RonDB 21.04 is a Long-Term Support version of RonDB that will be supported at least until 2024.

RonDB 22.01 is a Development version which will be supported through 2022.

RonDB 22.05 will not be supported, it is mainly intended for early users that want to try out the new functionality. The aim is to use it as the base for the next long-term support version of RonDB that we are planning for releasing some time later in 2022.

RonDB 22.05.0 is released as an open source SW with binary tarballs for usage in Linux usage and Mac OS X. It is developed on Linux and Mac OS X and using WSL 2 on Windows (Linux on Windows). The only supported version is currently the Linux/x86 version. The others are currently for development and testing.

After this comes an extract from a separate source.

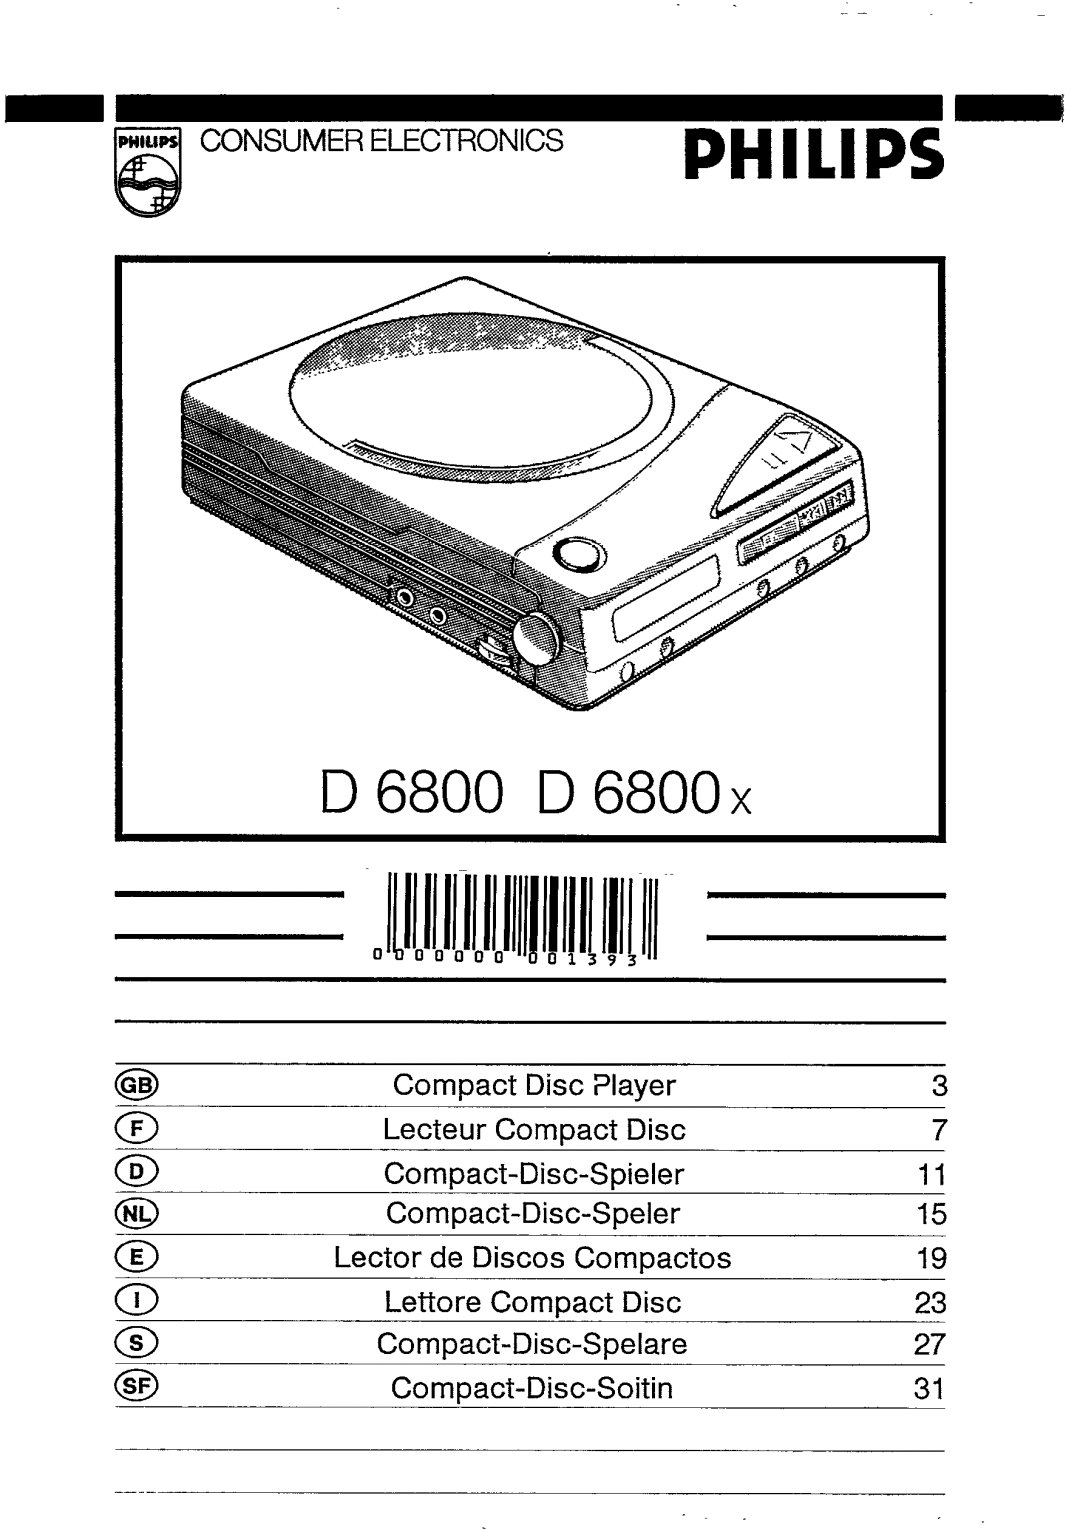 Philips D 6800x manual

We plan to soon also support Linux/ARM. Mac OS X is a development platform and will continue to be so.

There is two ways to use RonDB 22.05.0:

  1. You can use the open source version and use the binary tarball and set it up yourself.

  2. You can use the open source version and build and set it up yourself.

    This is the commands you can use to retrieve the binary tarball:

    # Download x86_64 on Linux
    wget https://repo.hops.works/master/rondb-22.05.0-linux-glibc2.17-x86_64.tar.gz
    # Download ARM64 on Linux
    wget https://repo.hops.works/master/rondb-22.05.0-linux-glibc2.31-arm64_v8.tar.gz
    # Download x86_64 on Mac OS X (at least Mac OS X 11.6)
    wget https://repo.hops.works/master/rondb-22.05.0-macosx11.6-xcode-13.1-x86_64.tar.gz
    # Download ARM64 on Mac OS X (at least Mac OS X 12.3)
    wget https://repo.hops.works/master/rondb-22.05.0-macosx12.3-xcode-13.1-arm64_v8.tar.gz
    

Summary of changes in RonDB 22.05.0#

7 new features and 4 bug fixes have been added on top of the latest stable RonDB version, RonDB 21.04.6. In addition we have upgraded to base RonDB 22.05.0 on MySQL 8.0.29 whereas RonDB 21.04 was based on MySQL 8.0.23.

New features:

  1. Support variable sized disk rows

  2. Make query threads the likely scenario

  3. Move Schema Memory to global memory manager

  4. Improved placement of primary replicas.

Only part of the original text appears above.